▶ **What is expected**
An exact reprint of the listing is required, with no pictures included.

▶ **Information provided**
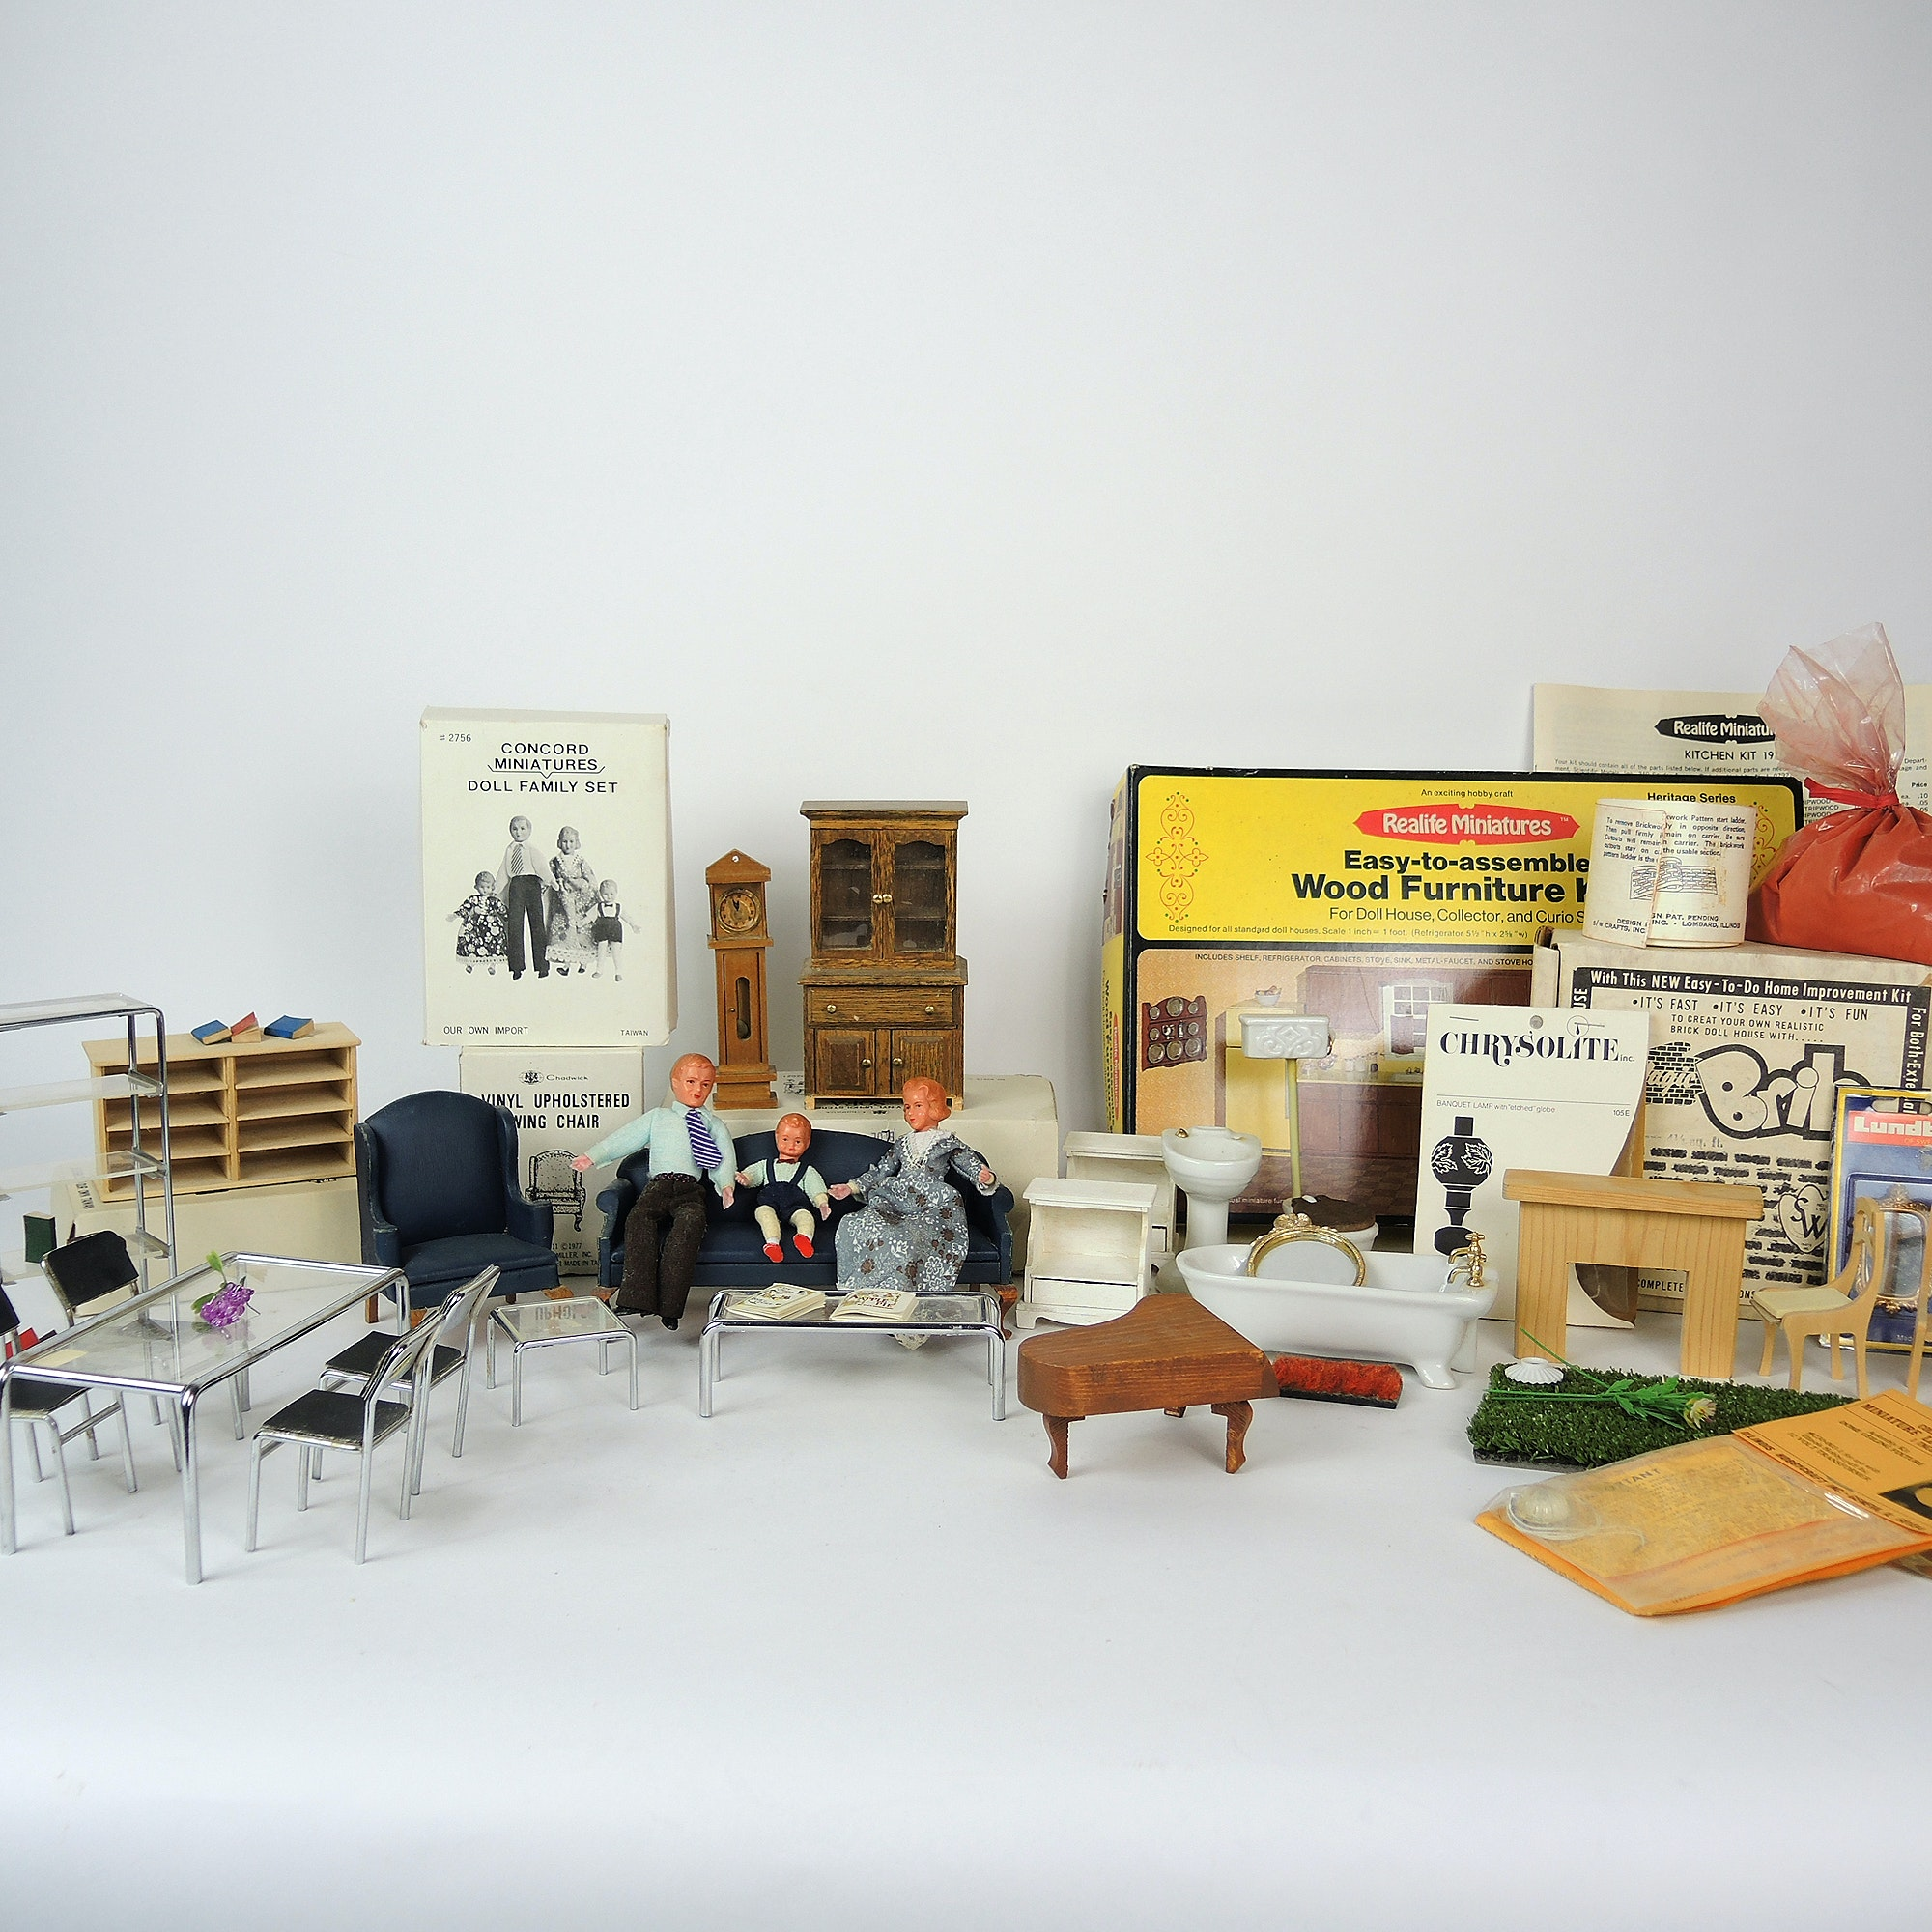 Vintage Dollhouse Miniatures And Wood Furniture Kits Ebth
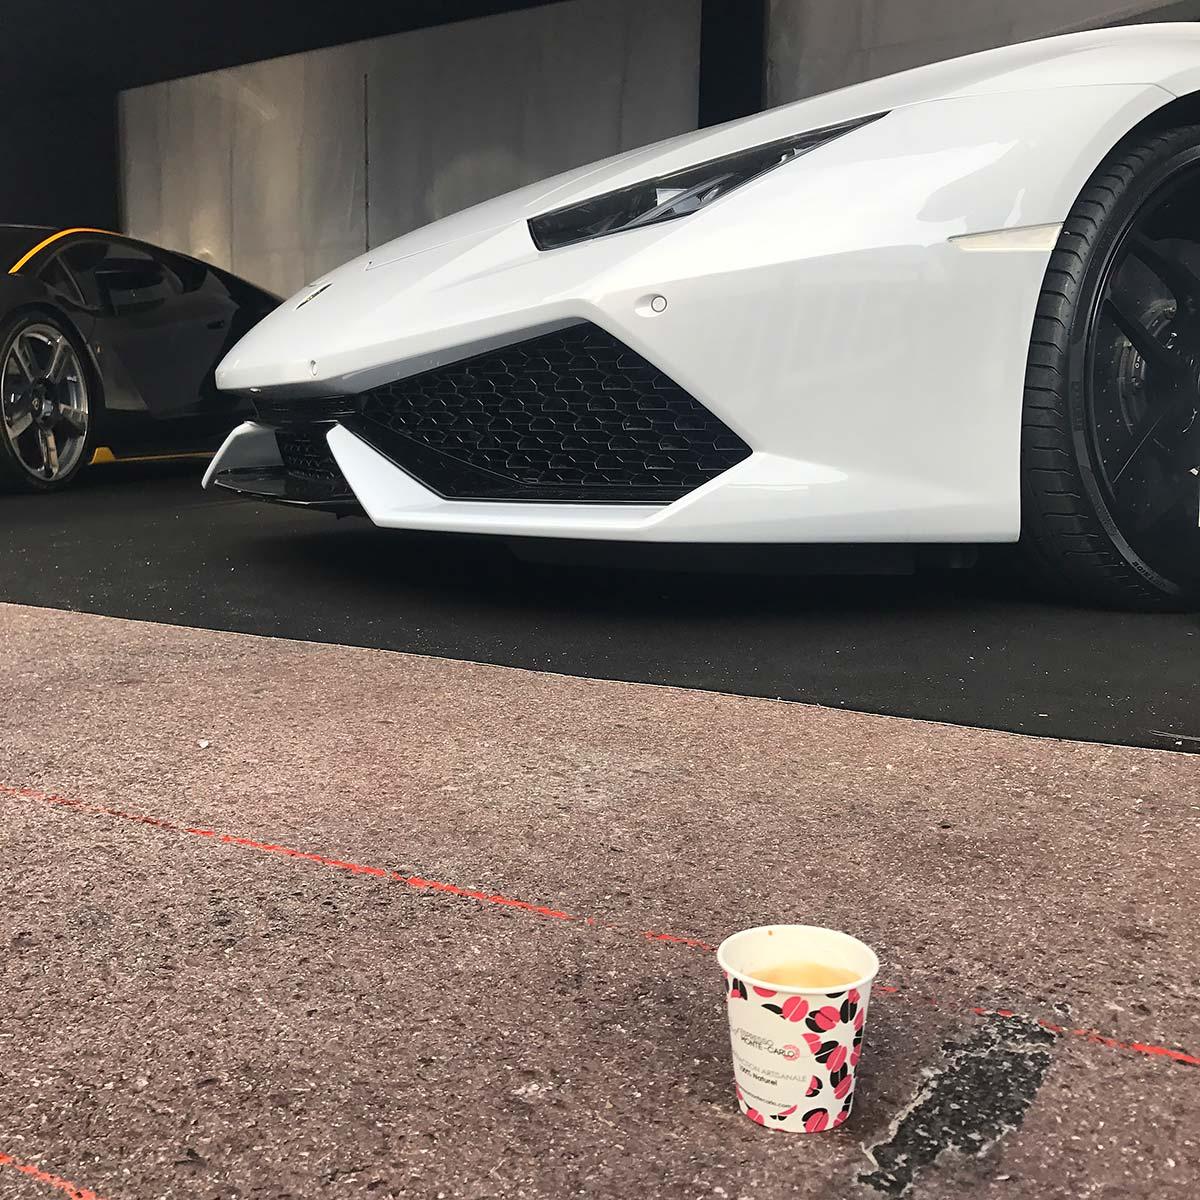 Monaco International Motor Show 2017 - Lamborghini Huracan Spyder
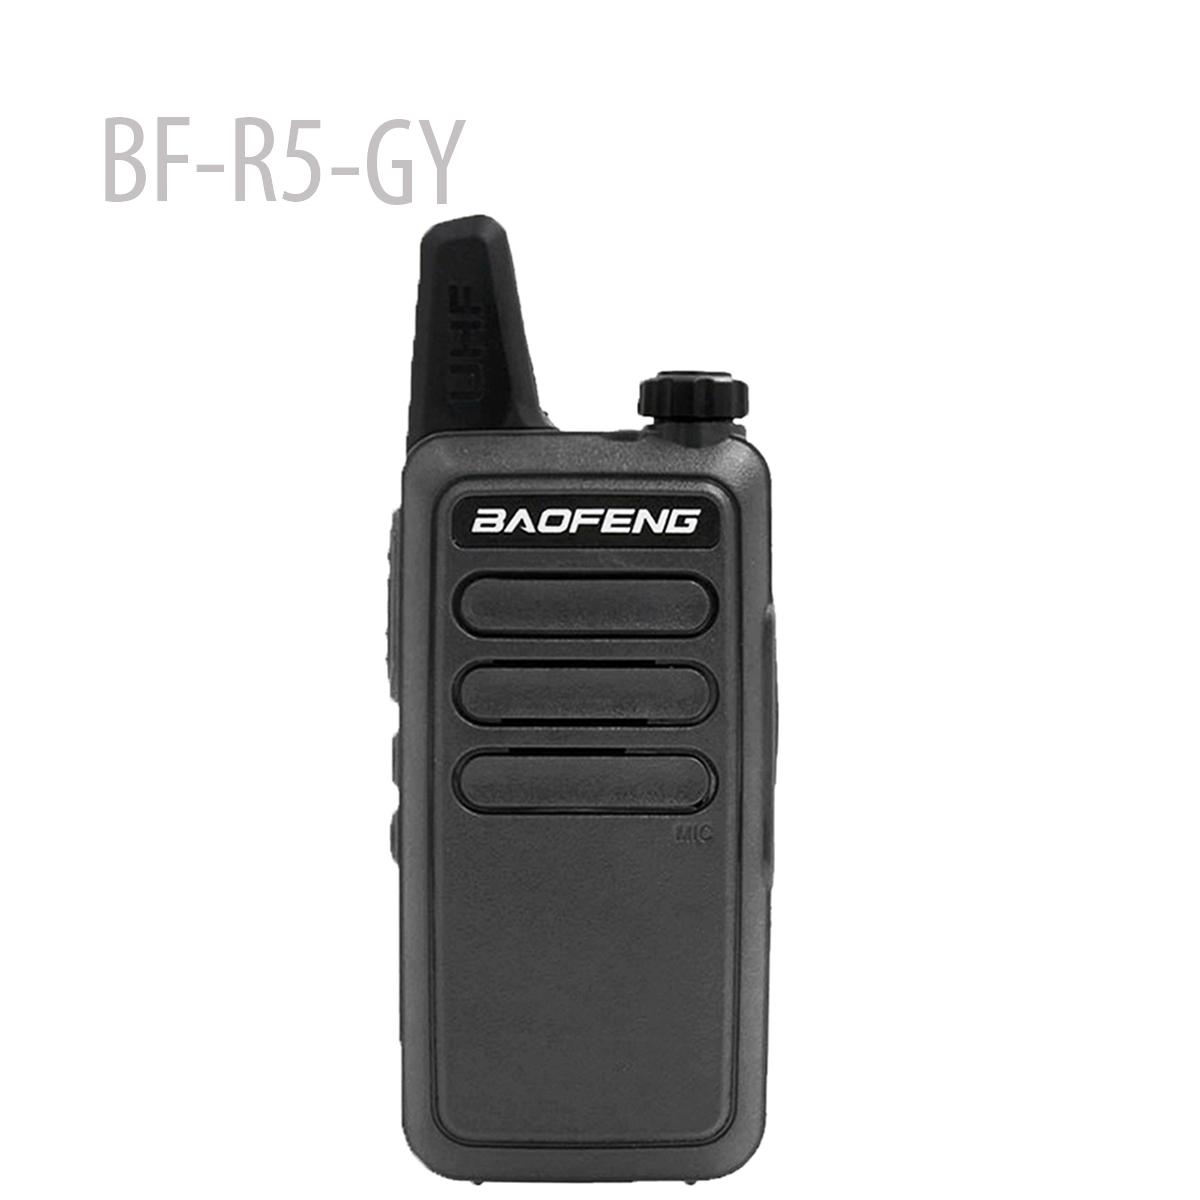 BAOFENG BF-R5-GY Mini Portable two way radio UHF 400-470MHz
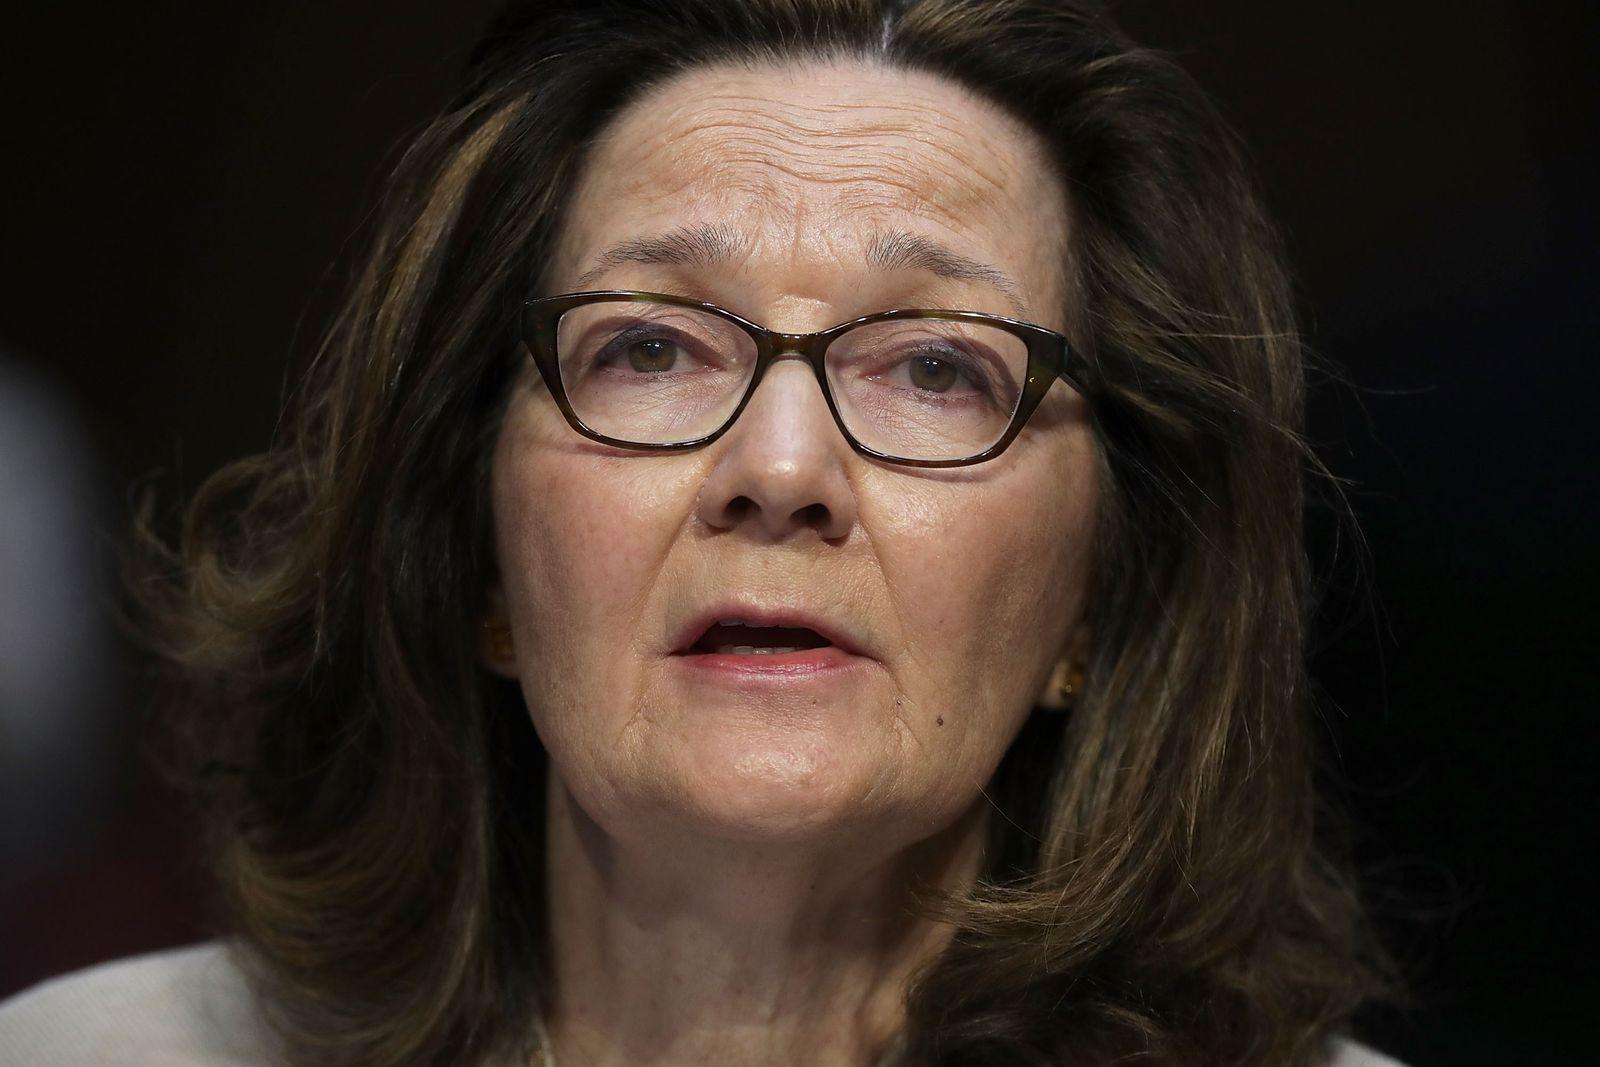 US-CIA-DIRECTOR-NOMINEE-GINA-HASPEL-TESTIFIES-AT-SENATE-CONFIRMA

▶ **Completed task**
 Vintage Dollhouse Miniatures And Wood Furniture Kits Ebth
 Monaco International Motor Show 2017 - Lamborghini Huracan Spyder
 BAOFENG BF-R5-GY Mini Portable two way radio UHF 400-470MHz
 US-CIA-DIRECTOR-NOMINEE-GINA-HASPEL-TESTIFIES-AT-SENATE-CONFIRMA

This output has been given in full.